The MLSFH team, who have worked with the study cohort since 1998, had a unique opportunity to test whether a 2017 intervention to improve perceptions about chances of survival made an impact during the pandemic. Malawians generally overestimate their risk of dying, in part because of the long-term impacts of the HIV/AIDS epidemic that reduced the life expectancy of Malawians to 45 years in 2000. Life expectancy has rebounded to 66 years, primarily because of access to antiretroviral therapy (ART). The MLSFH team randomized villages to control or intervention groups. Intervention recipients were aged 45 years and older. Videos, graphics (Figure 1), and interactive interviews helped them understand their true chances of 5- and 10-year survival. They heard positive medical and public health messages, including how longevity improved due to ART and preventive care. In 2022, supported by an LDI small grant, researchers investigated whether the 2017 intervention affected vaccination behavior during the COVID-19 pandemic.
The intervention group showed sustained positive effects at the one-year follow-up, including improved five-year survival estimates for healthy and HIV+ groups. Individuals in the intervention group increased their survival estimates for someone with AIDS who was receiving ART about 3.5 percentage points, and for someone not receiving ART by less than 2 percentage points. This suggests that ART intervention messages reinforced confidence in medical treatments.
Although the pandemic and the importance of COVID-19 vaccination could not have been anticipated in 2017, more individuals in the intervention group were vaccinated as of 2022. Specifically, five years after the intervention, 51% were vaccinated versus 43% in the control group, for a 7.5 percentage point increase in vaccination probability. Surveys from a subset of participants’ siblings and household members showed they also benefited, with a 6-14 percentage point higher probability of vaccination (Figure 2).

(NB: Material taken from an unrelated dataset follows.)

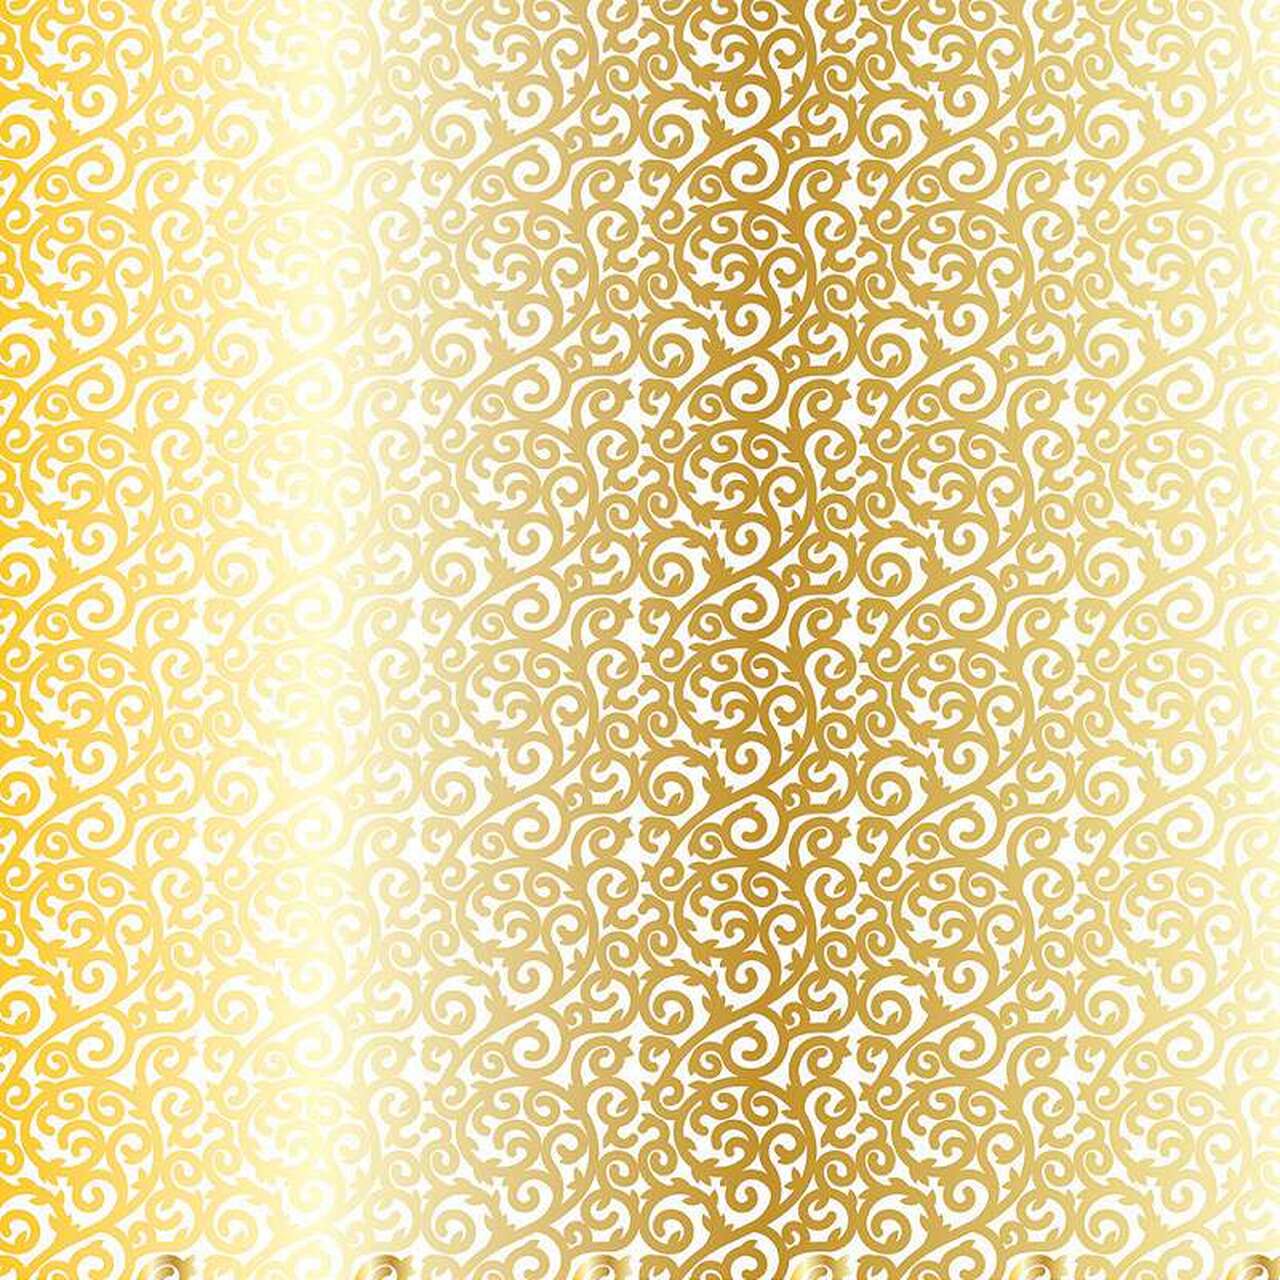 Gold Foil Lattice on White Cardstock
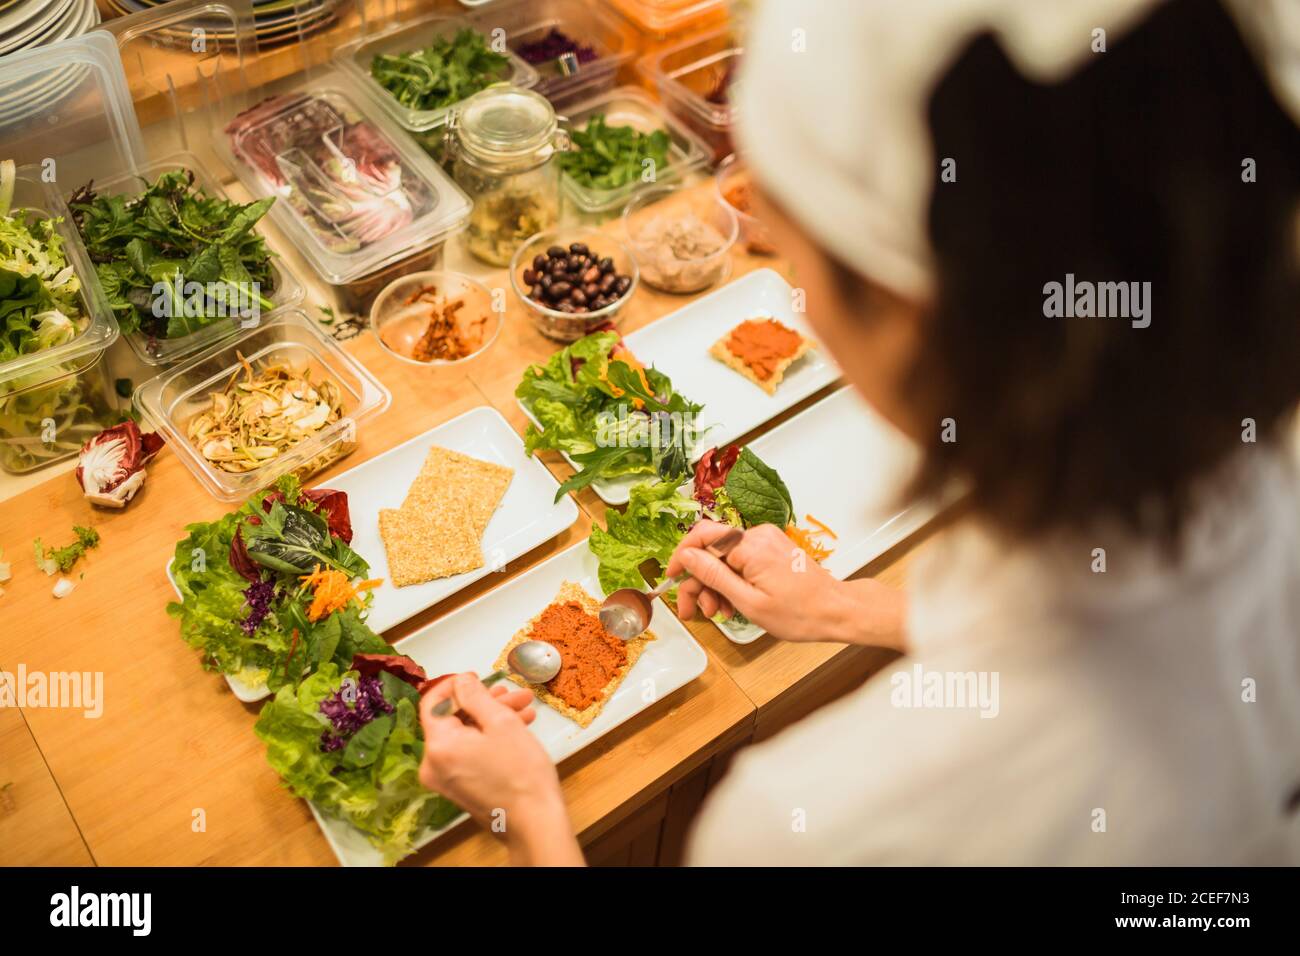 Rückansicht einer unkenntlichen Frau, die Gerichte mit Kräutern und Snacks serviert. Stockfoto

Mortality perceptions are known to affect health behavior. The MLSFH study is unique in showing that correcting those perceptions may have positive effects years later during an unanticipated health crisis. The results suggest that promoting realistic expectations about longevity and reminding people about gains in survival from medical and public health achievements might benefit future public health programs. The intervention was administered in-person and the MLSFH has longstanding, trusting relationships with participants. Malawi is a Sub-Saharan African country the size of Pennsylvania with 20 million residents, so it is challenging to replicate and generalize the findings. Nonetheless, the results hint that optimistic information about trends in survival resulting from health and safety innovations may, if supported by additional research in other countries, complement targeted public health messages. Future studies could determine whether health campaigns about mortality risks positively affect the diabetes, gun violence, and opioid crises in the U.S. that may also be influenced by fatalistic perceptions of survival.
Researchers randomized 119 MLSFH villages into intervention or control groups, with about 780 participants per group. In the 2017 intervention, researchers spent 20-25 minutes showing respondents videos of local actors talking about Malawians living longer because of better access to food, health care, and ART. Infographics presented survival estimates based on sex and age. Interactive questions determined comprehension and corrected misunderstandings.
Data were from 2018 and 2022 MLSFH surveys and national Malawi and United Nations databases. Follow-up data collection in 2021-2022 included COVID-19 vaccination questions.
Source Publication: Purcell, H., Kohler, I.V., Ciancio, A., Mwera, J., Delavande, A., Mwapasa, V., Kohler, H.P. (2024). Mortality Risk Information and Health Seeking Behavior During an Epidemic. Proceedings of the National Academy of Sciences (PNAS).